= Beginning of Section =

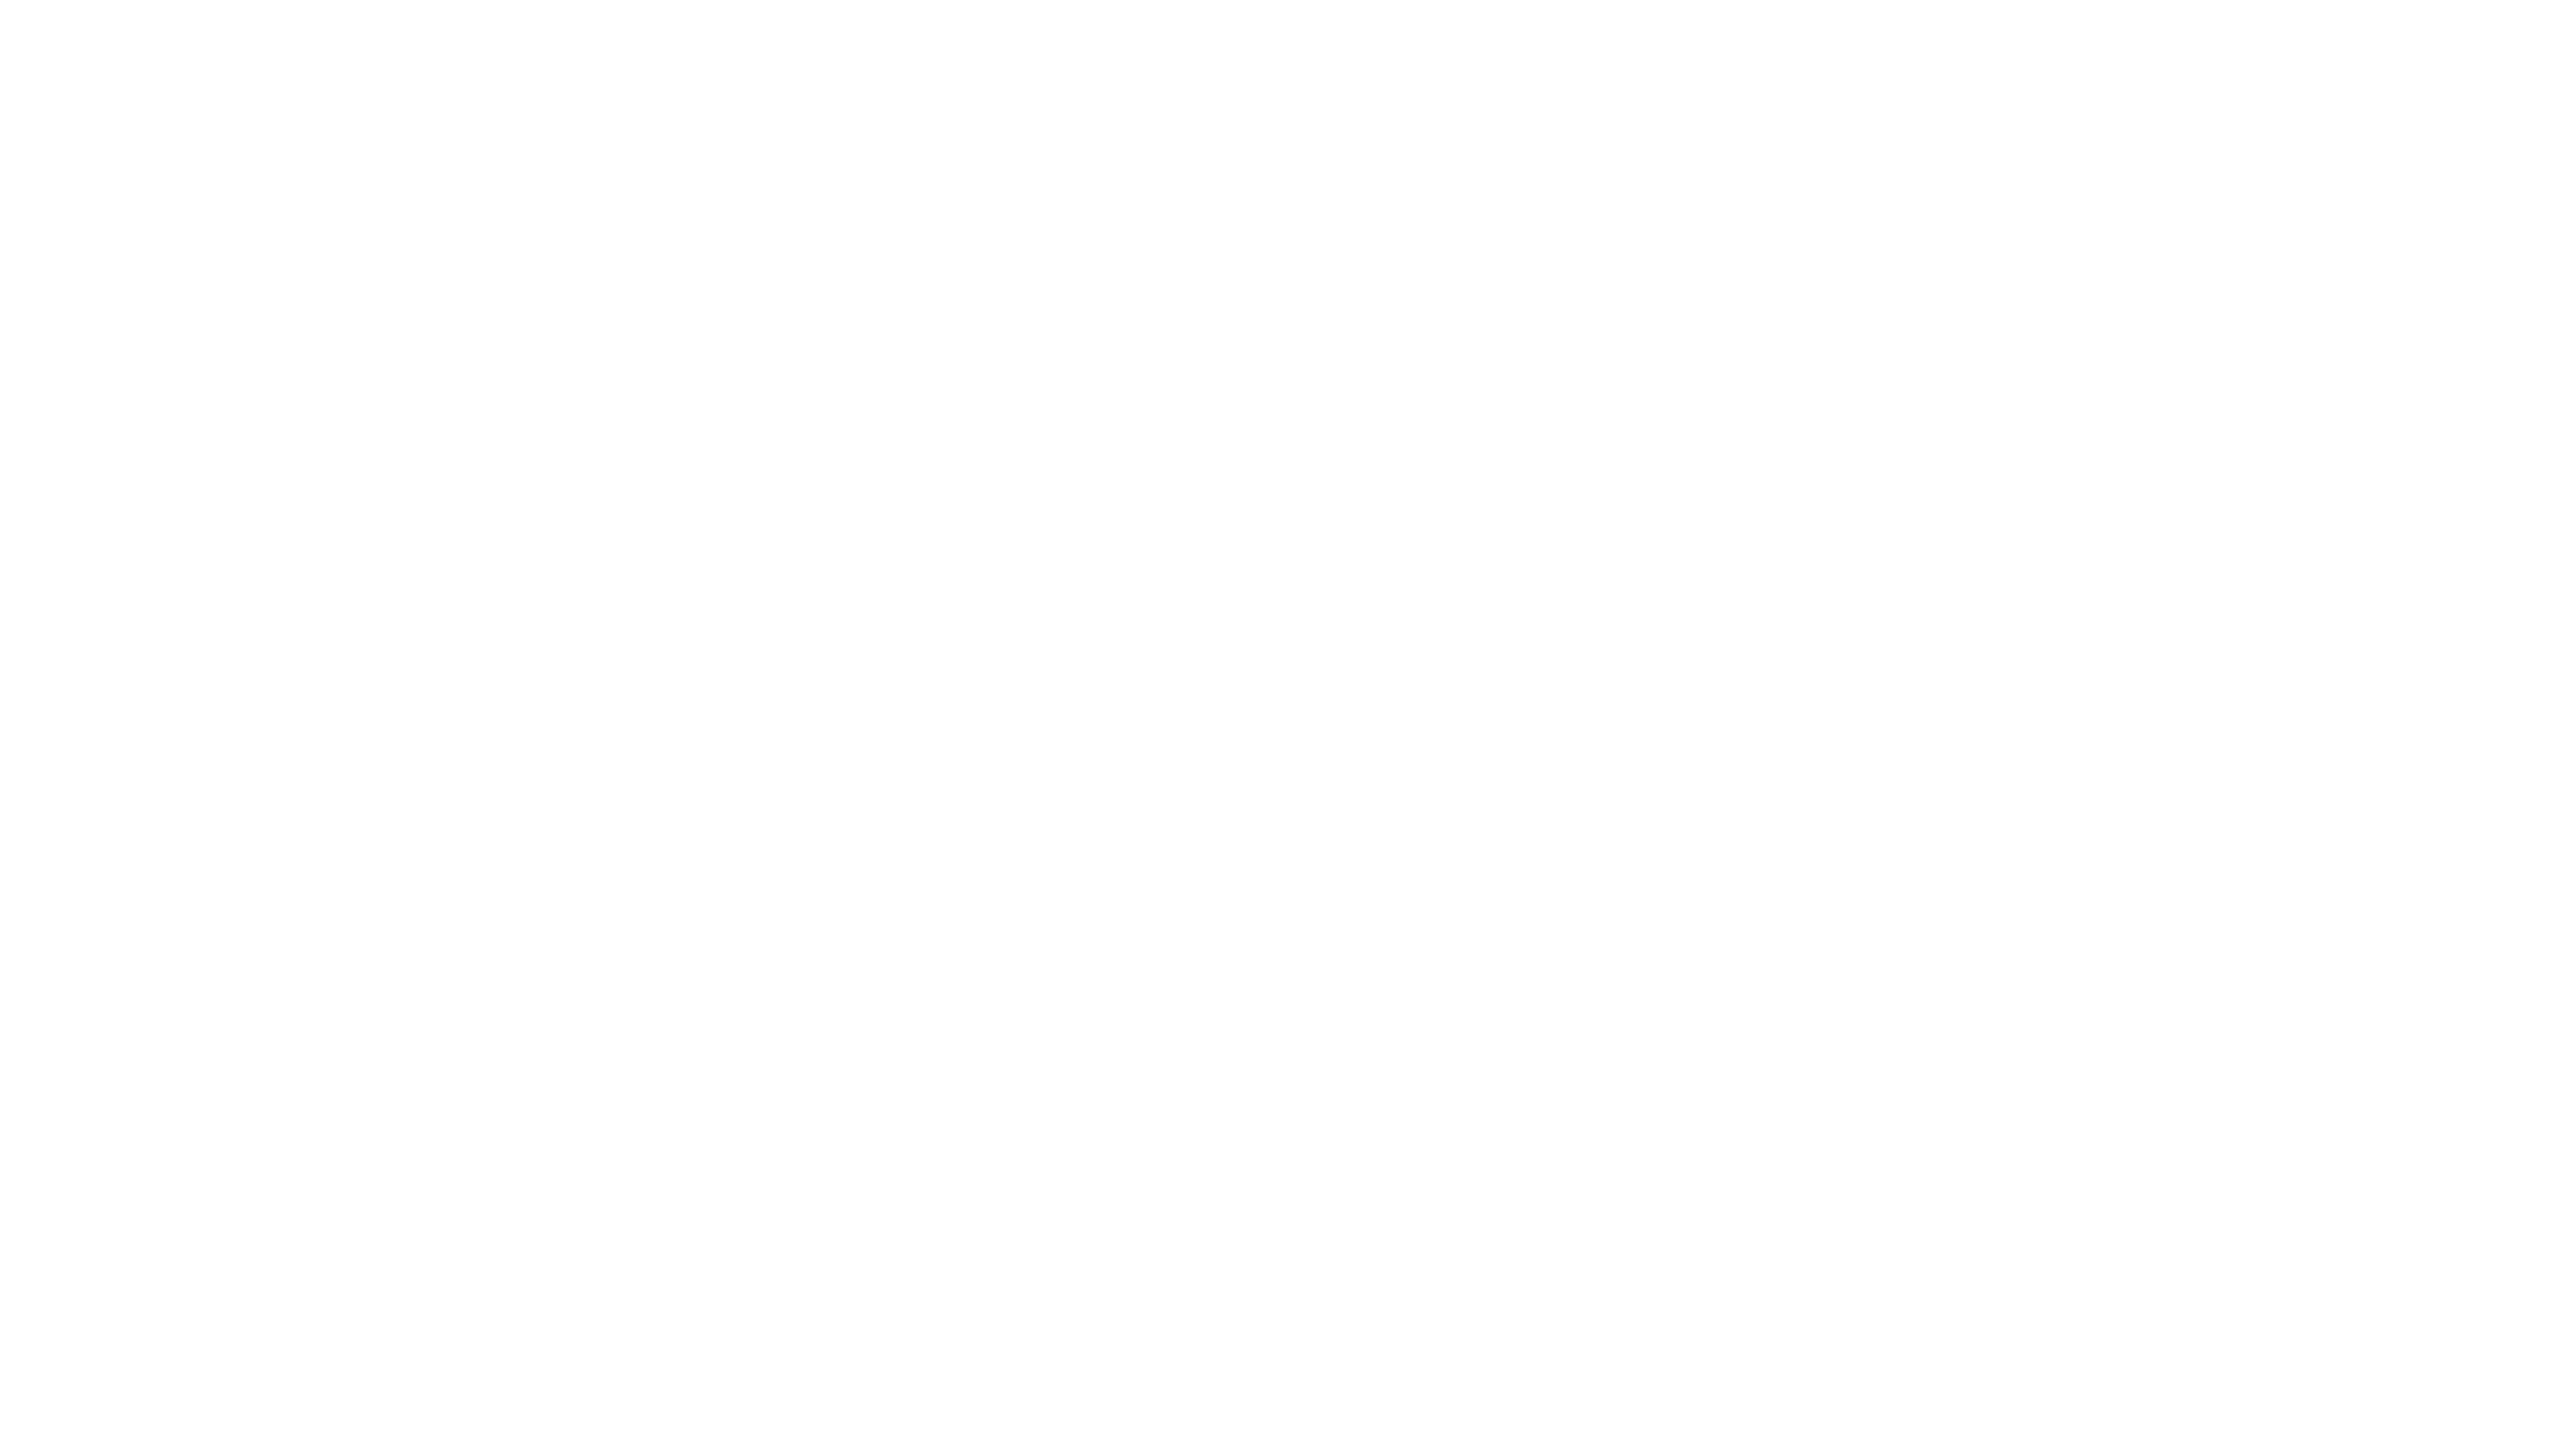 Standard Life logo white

= End of Section =
= Beginning of Section =

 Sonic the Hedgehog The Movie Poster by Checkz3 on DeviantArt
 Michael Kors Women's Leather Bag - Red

= End of Section =
= Beginning of Section =

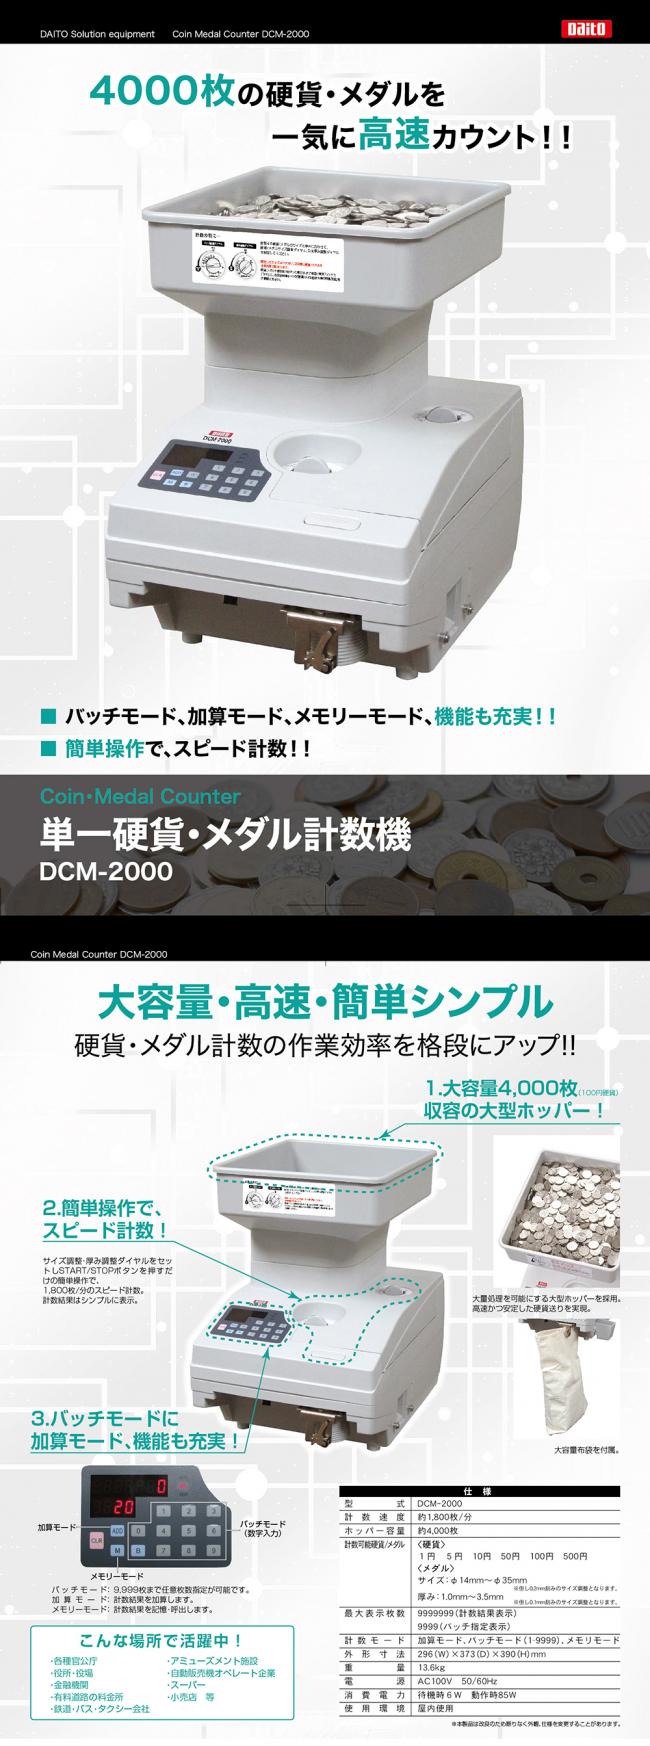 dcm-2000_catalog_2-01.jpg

= End of Section =

Restate word for word the entries above, starting at the line with "Checkz3 on DeviantArt" and ending at the line with "Michael Kors Women's Leather Bag - Red", inclusive, and no others.

 Sonic the Hedgehog The Movie Poster by Checkz3 on DeviantArt
 Michael Kors Women's Leather Bag - Red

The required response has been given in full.